Le regard d’Albane, voilé par l’égarement du plaisir, était hypnotisé par sa cible. La transe des deux partenaires les transportait. Émilie, subjuguée, se tenait en retrait, gênée par l’évidence de leur intimité, et pourtant avide d’en voir davantage.

Albane s’arrêta net.

— Alors, poulet, qui était-ce ?

— C’était vous, Madame.

— Bien, répondit sèchement Albane, déçue de ne pouvoir sévir.

Elle fit signe à sa complice de s’avancer pour prendre le relais. Émilie tenta de protester d’un froncement de sourcils, en vain : Albane n’avait pas l’habitude qu’on lui résiste. La novice se posta derrière le garçon encore secoué par l’étreinte magnétique du fouet. Sa main, moite de trac, se cramponnait au manche de la cravache. Elle n’avait aucune idée de la force à donner au coup. Mais une voix lui soufflait qu’elle ne pouvait pas faire moins bien qu’Albane. Elle voulait à son tour connaître la transe, éprouver l’ivresse. Elle compta jusqu’à trois, puis frappa sans retenir son bras. La cravache s’abattit sur la croupe de la victime en sifflant. Le policier bondit, scié par la tige mordante, poings et mâchoires serrés.

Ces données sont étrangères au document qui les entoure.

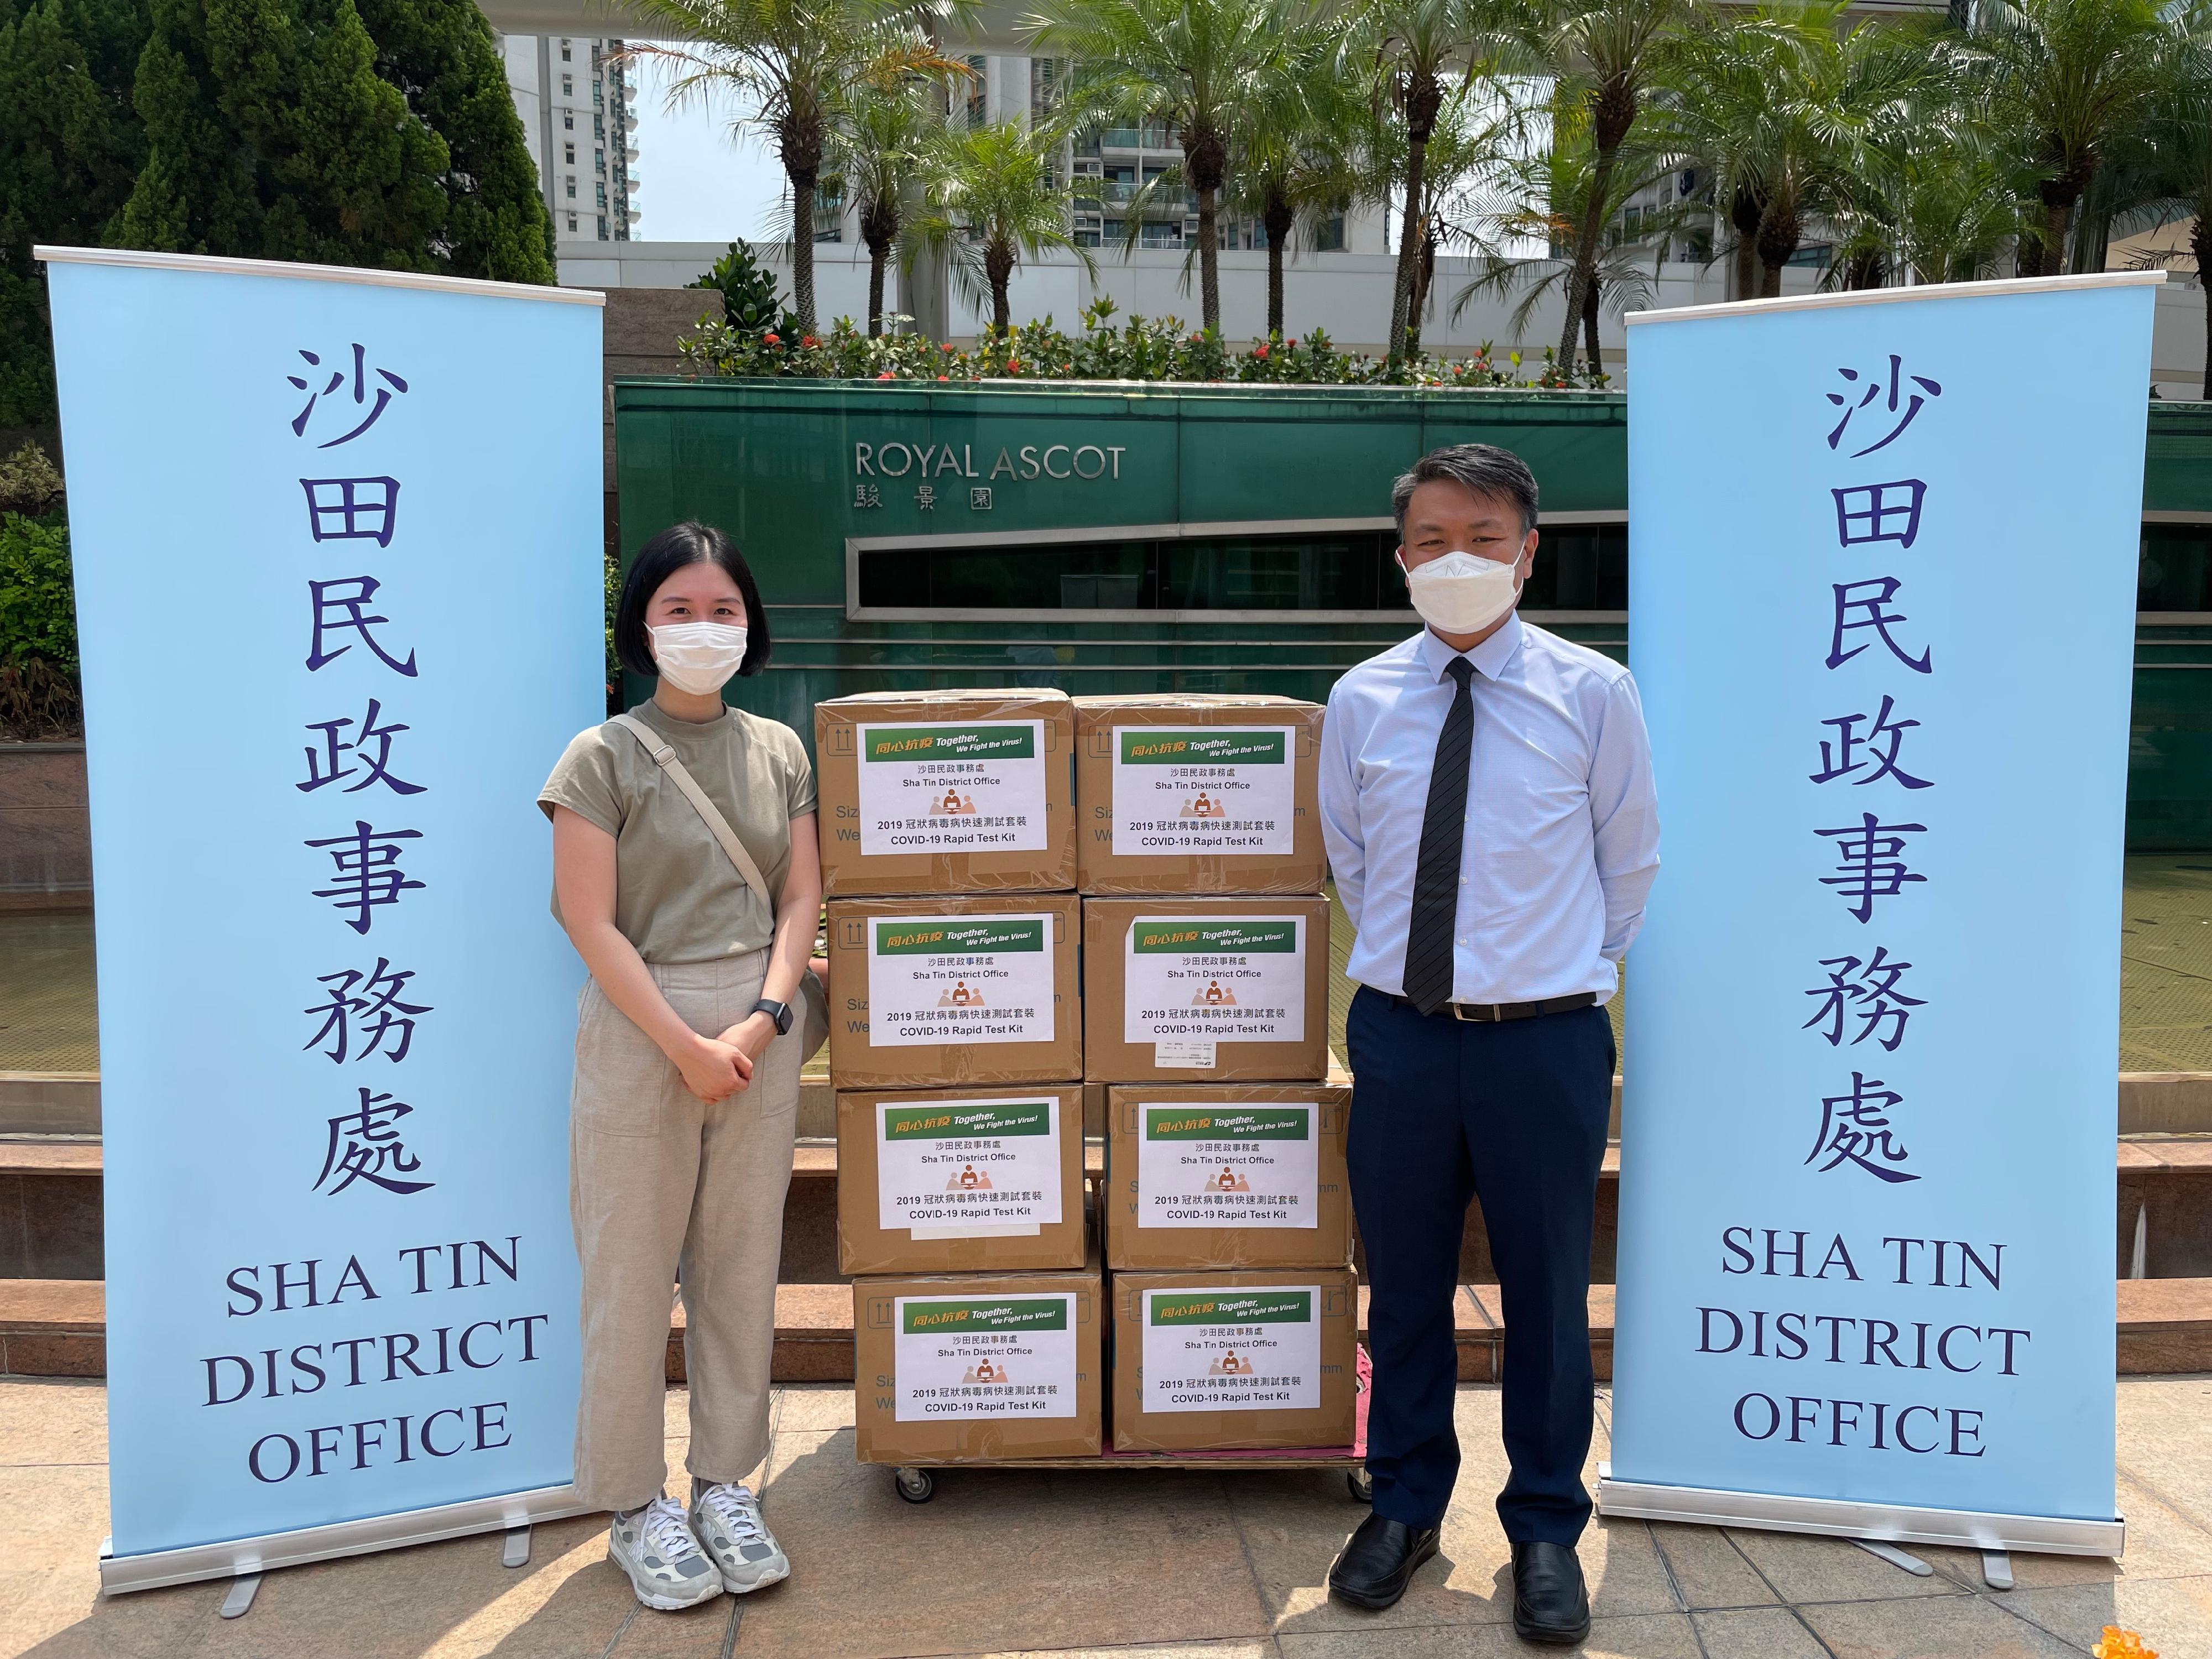 The Sha Tin District Office today (July 29) distributed COVID-19 rapid test kits to households, cleansing workers and property management staff living and working in Royal Ascot for voluntary testing through the property management company.

Au même instant, Émilie sentit une onde électrique se propager dans son bras, la traverser tout du long. Le choc de l’impact résonna dans son ventre comme les répliques d’un tremblement de terre, la laissant aux prises avec un vertige. Tous repères perdus, elle leva le bras pour asséner le coup suivant…

 

Le jour de leur anniversaire de rencontre était enfin arrivé. Depuis son initiation auprès de la dominatrice, Émilie attendait fébrilement ce moment. Elle brûlait de faire connaître à Simon les tourments infligés au policier. Albane lui avait donné une cravache et des menottes qu’elle conservait cachées sous le lit. Pour l’occasion, Émilie attendait son copain en guêpière et bas résille dissimulés sous son peignoir. Elle entendit le cliquetis de la serrure, puis des bruits inhabituels : quelque chose grattait le parquet.

— Chérie, j’ai une surprise pour toi.

— Moi aussi ! répondit Émilie.

Simon la rejoignit dans la chambre. Il tenait dans sa main la fameuse laisse du placard, et il traînait derrière lui un charmant chiot, pataud et débordant d’enthousiasme. Sur son pelage soyeux, luisait le cadenas qui avait causé tant de souci.

— Ça alors ! s’exclama-t-elle, entre rires et larmes, tandis que le chien lui léchait la paume.

— Et ma surprise ? questionna Simon.

Émilie entrouvrit son peignoir… Ils firent l’amour comme d’habitude : tendrement et simplement. La jeune femme, écrasée de déception, s’endormit en visualisant le fouet qui trônait toujours sous son lit.

Elle se promit de rappeler Albane le lendemain.